Empezó a repartir los informes entre los asistentes, y al acabar se fue rauda hasta los ventanales. Bajó las persianas, encendió los fluorescentes y se dispuso a grabar la sesión ante la sorpresa del resto, si bien nadie hizo amago de reprenderla por ello.

Mellado se sentó y Xabier Elostegi se dirigió hasta la zona de la mesa donde estaba el comisario. A un asentimiento de este se volvió hacia sus compañeros y habló en tono muy profesional:

—La víctima ha sido identificada como Ángel Márquez Gómez.

Yago Mellado sintió un estremecimiento al escuchar ese nombre. Se removió en su asiento.

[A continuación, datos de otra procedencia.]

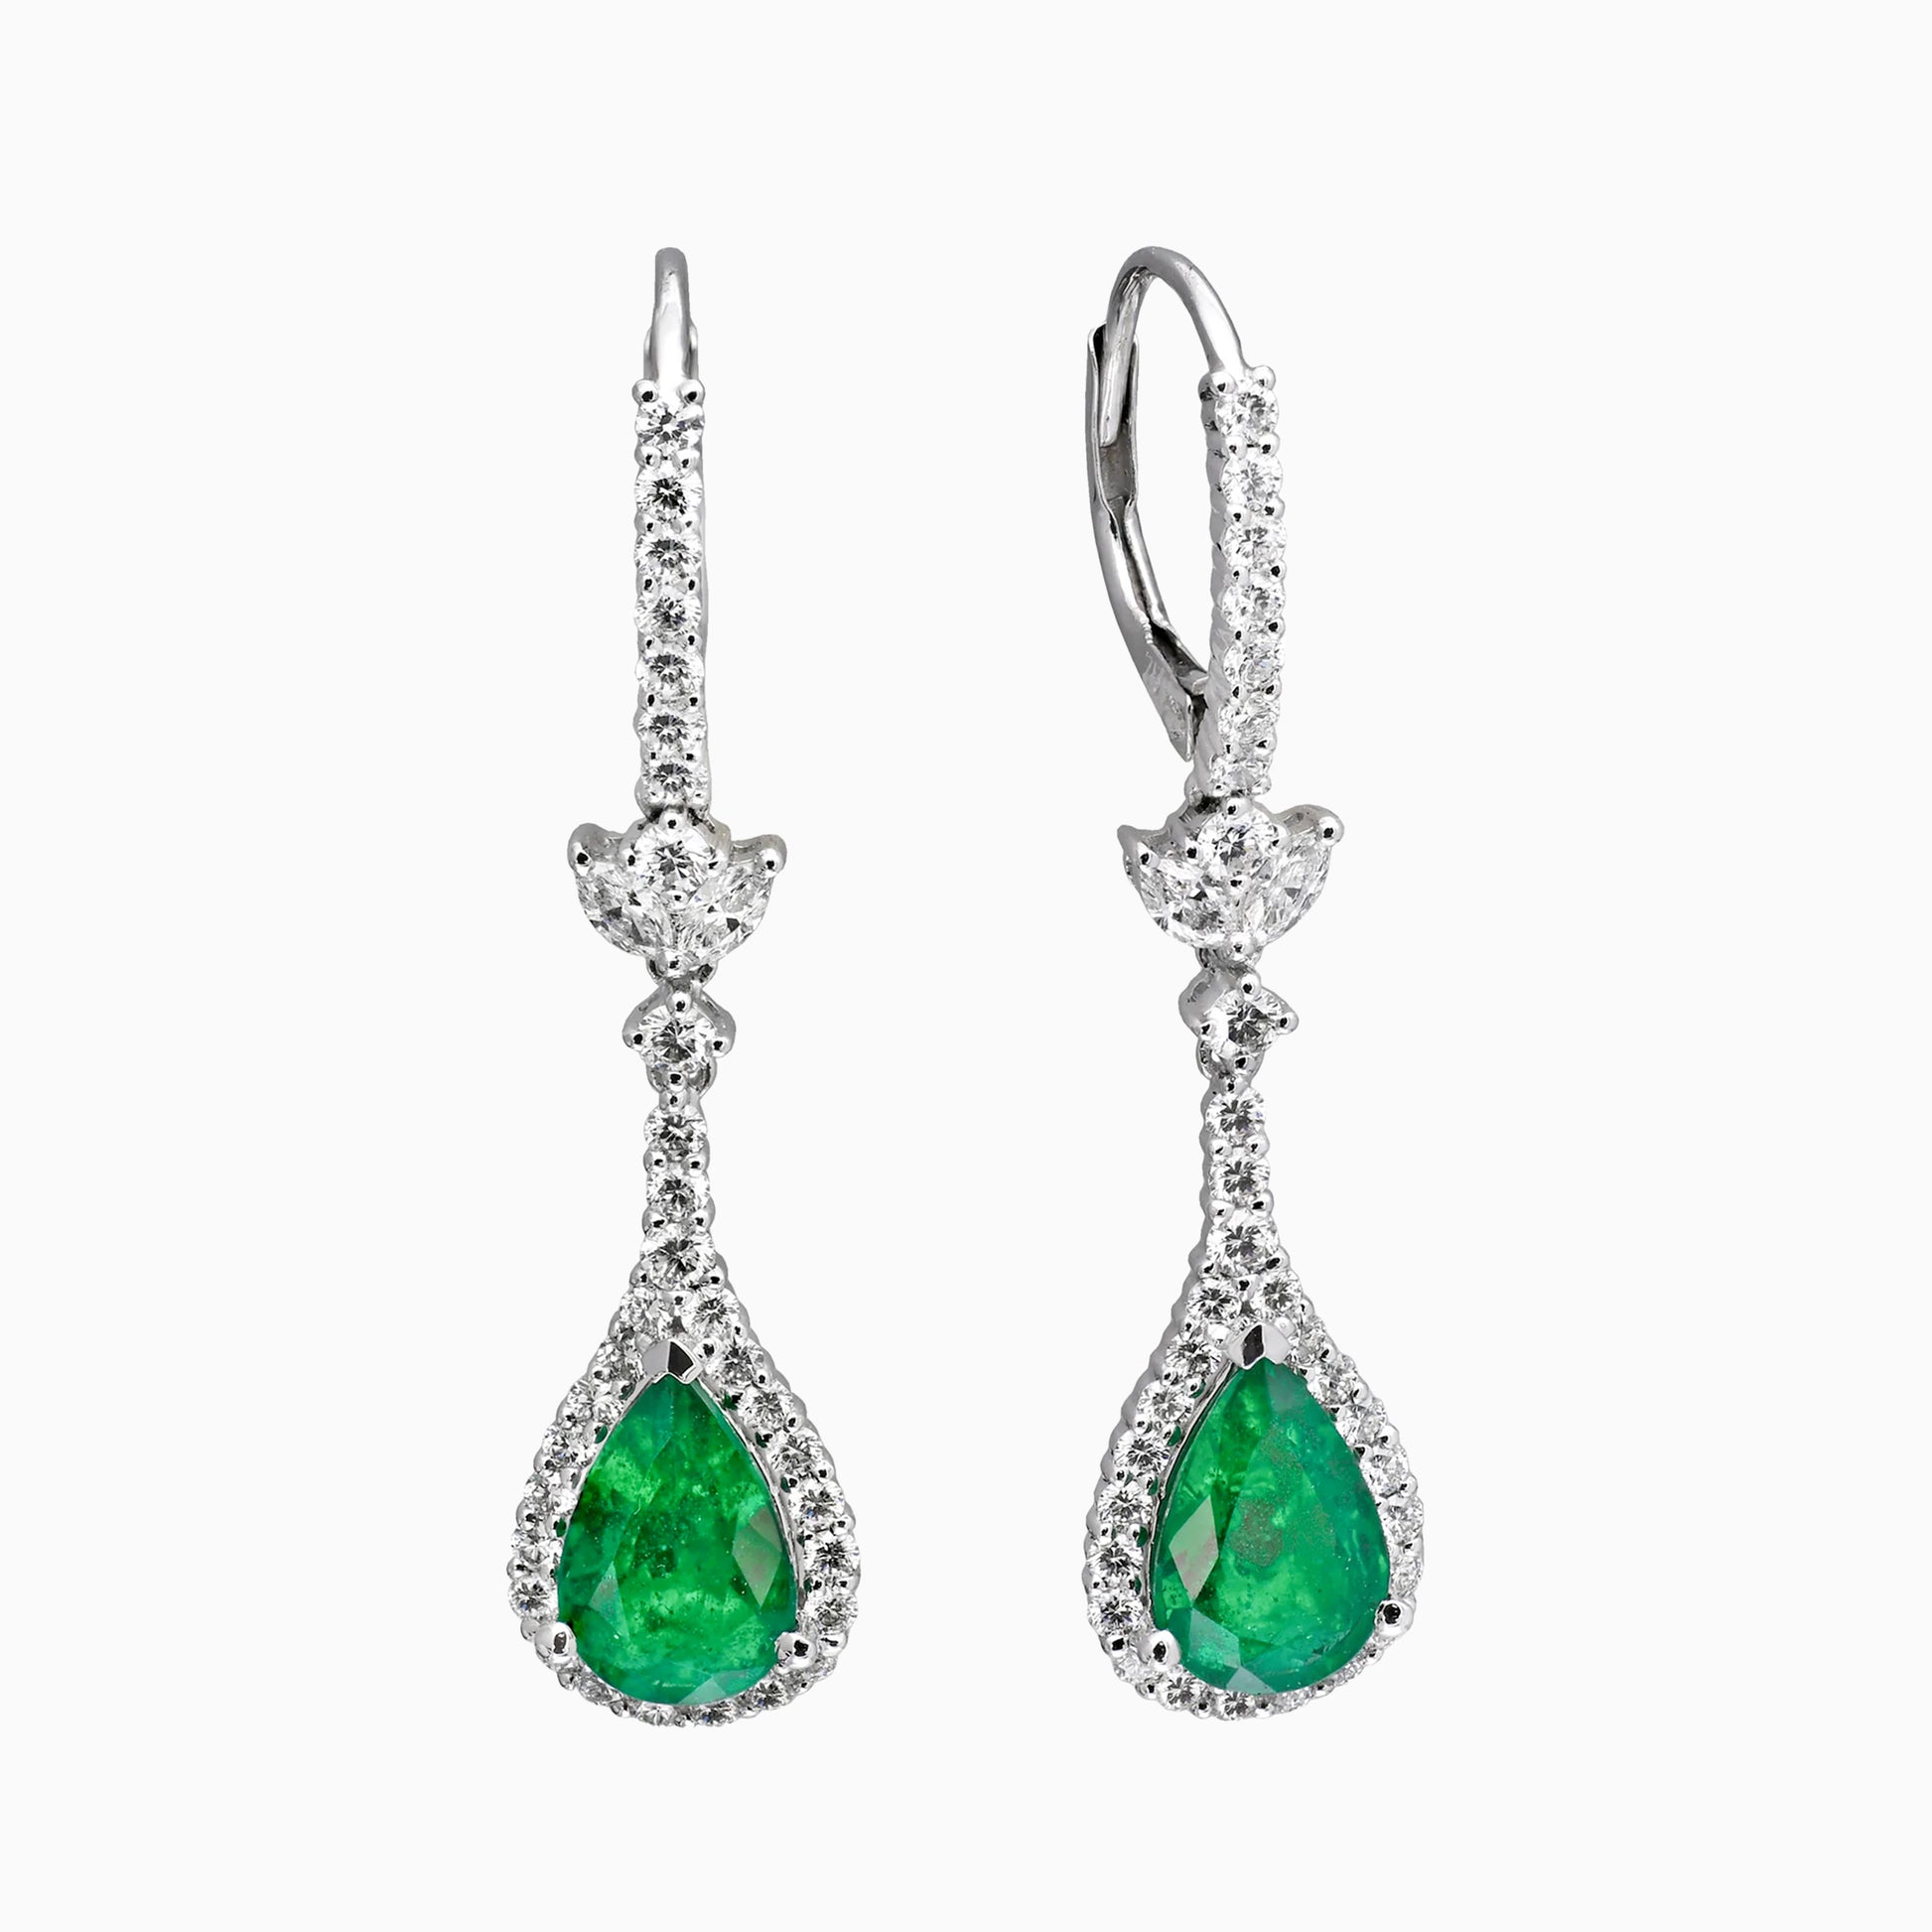 Pair of Zambian Emerald & Diamond Drop Earrings on a white background 
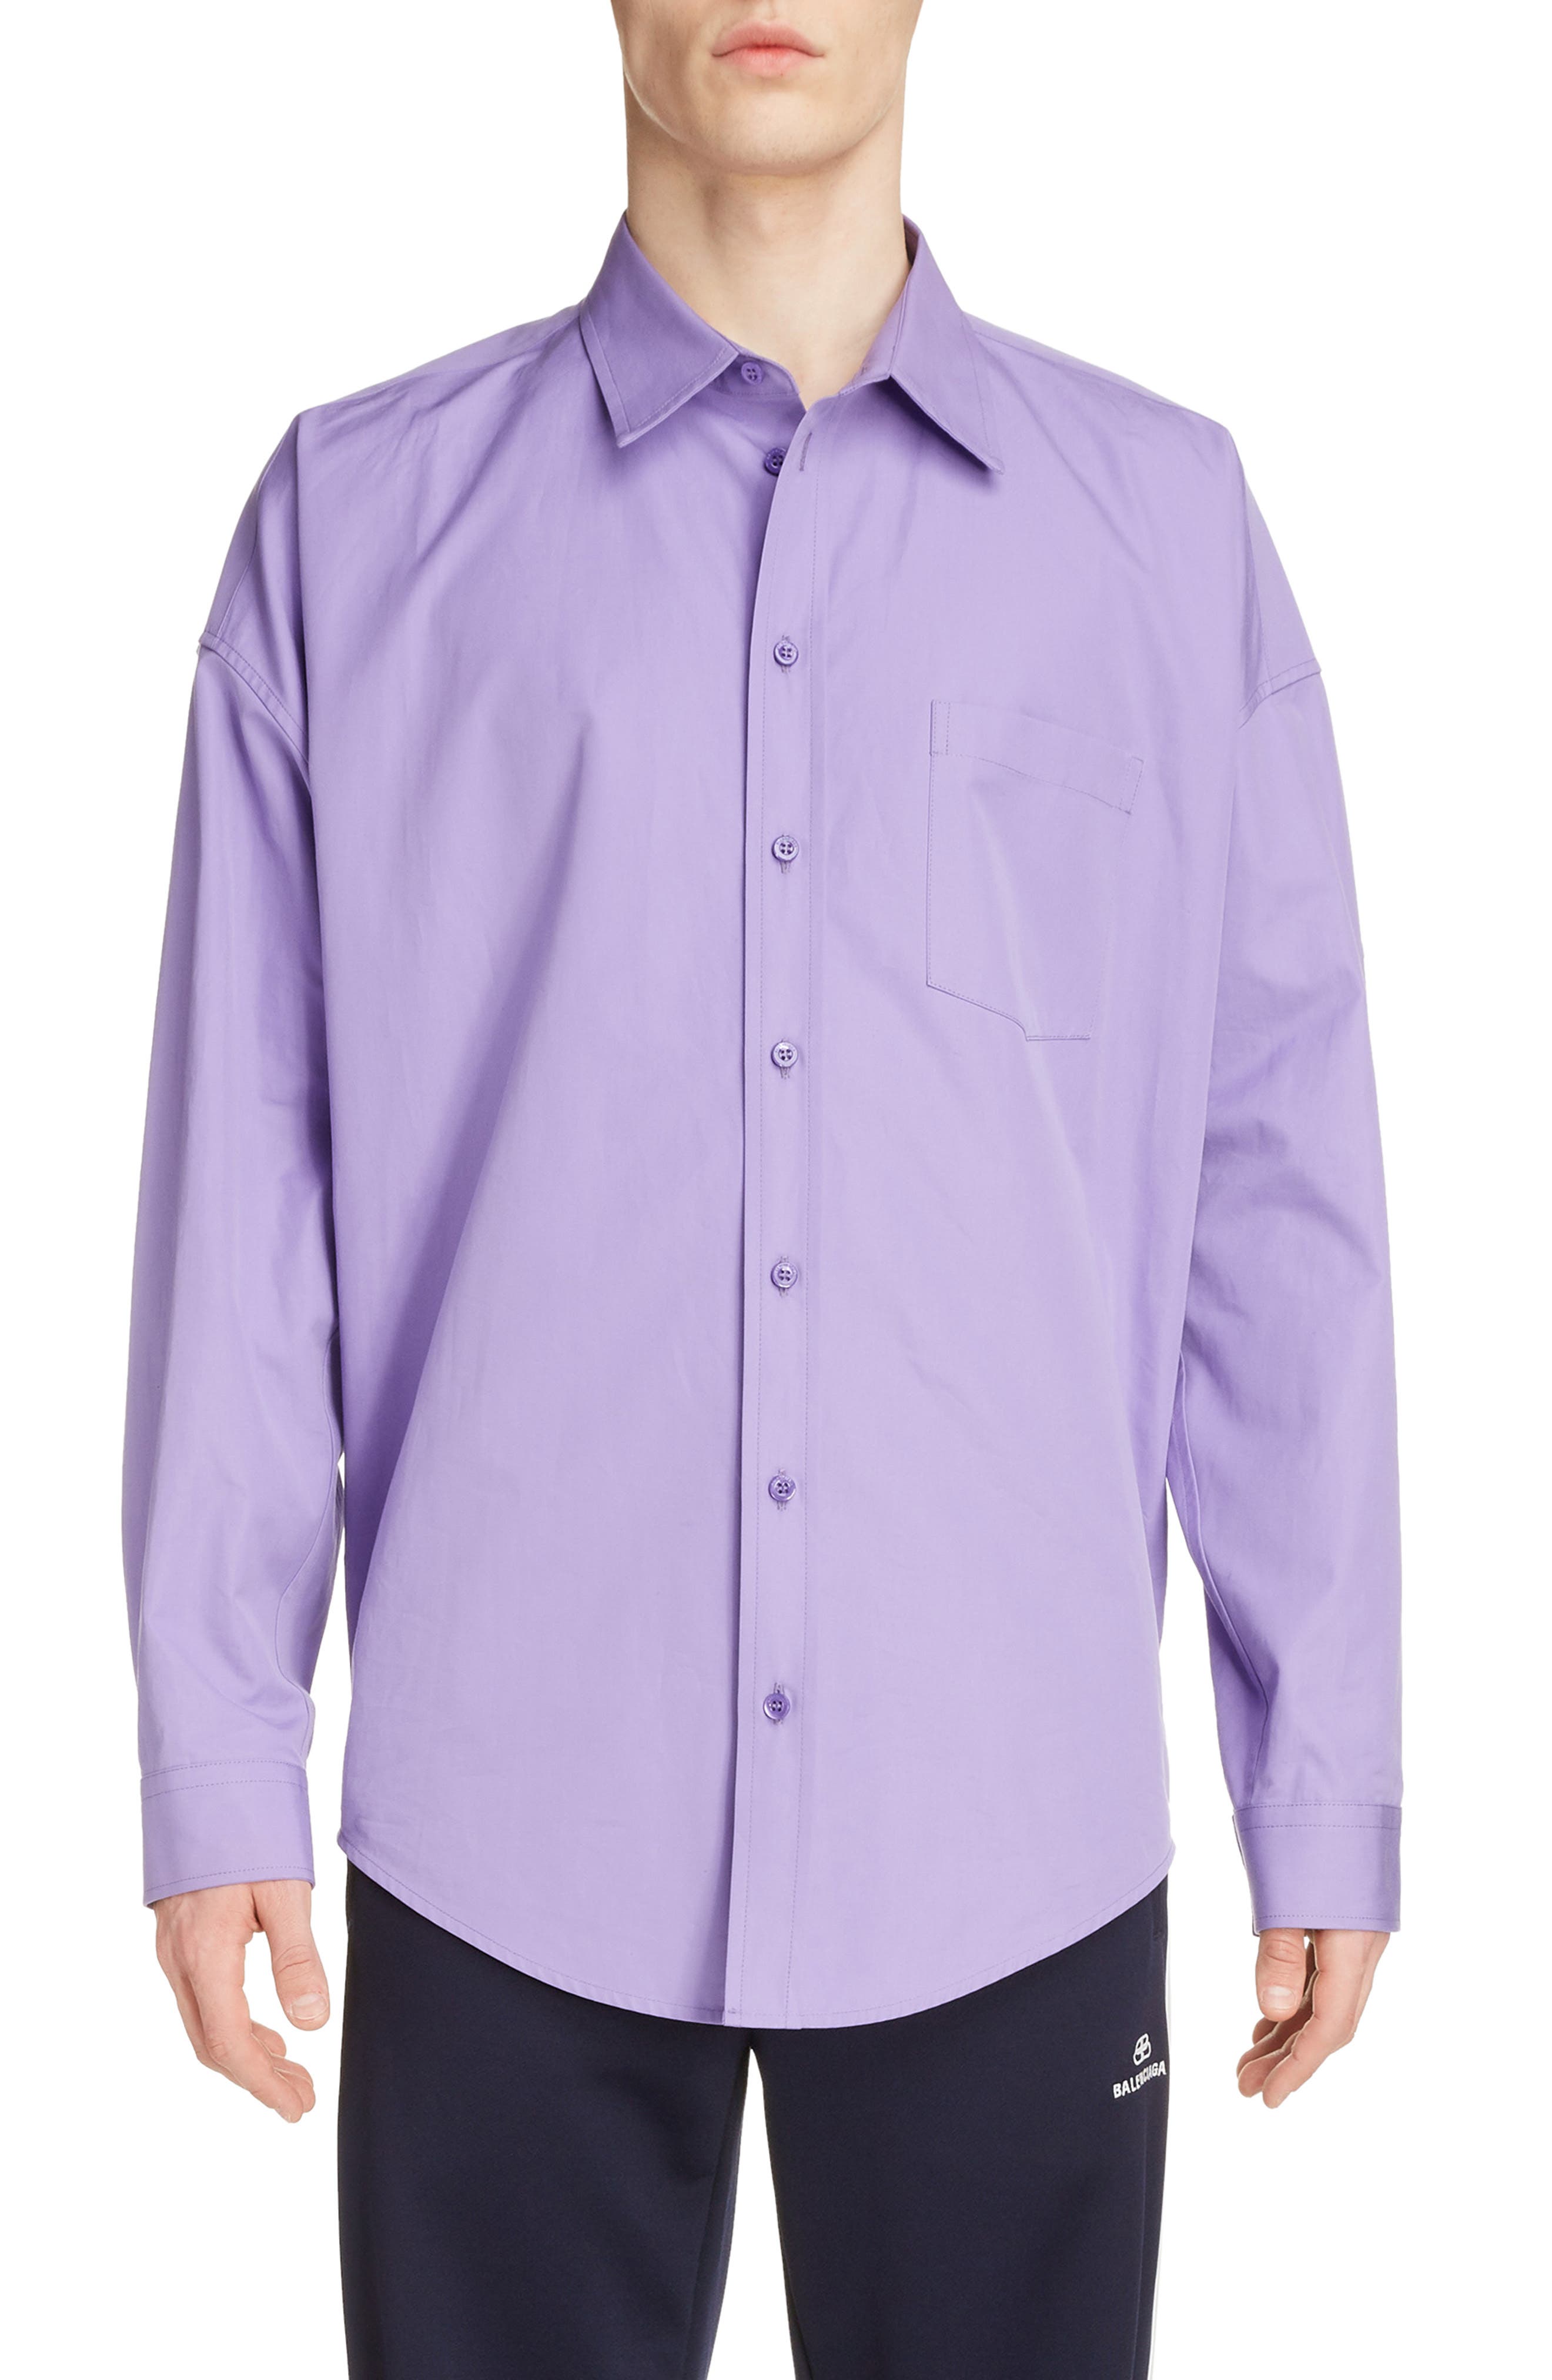 balenciaga sweatsuit mens purple

—Lo hallaron a las seis de la madrugada del viernes dos de los empleados que comenzaban su jornada en el taller de abastecimiento y reparaciones del Puerto Deportivo de Getxo. Según precisa el forense, a juzgar por el estado del cadáver, la víctima habría fallecido entre las 21 y las 22 horas del jueves día 7. Lo encontraron atado a unas cadenas que pendían de las vigas del techo y que se utilizan para izar las embarcaciones más pesadas durante las reparaciones. Por esta circunstancia podemos pensar que el asesino es un hombre robusto. Levantar, inmovilizar y atar a alguien de noventa kilos requiere una gran fuerza física, no está al alcance de cualquiera… —Paseó su mirada por cada uno de los rostros—. El taller está algo apartado de la zona central del Puerto Deportivo y se llega a él por un puente de madera. El vigilante jurado nunca se acerca hasta allí, porque en realidad se encuentra fuera de la propiedad que debe cubrir, así que, resumo, nuestro asesino acabó con la víctima sin testigos y amparado por la oscuridad y el silencio. Antes de ejecutar al señor Márquez debió de tomarse su tiempo para golpearlo sin piedad; probablemente con el remo, como atestiguan las contusiones y roturas del cadáver.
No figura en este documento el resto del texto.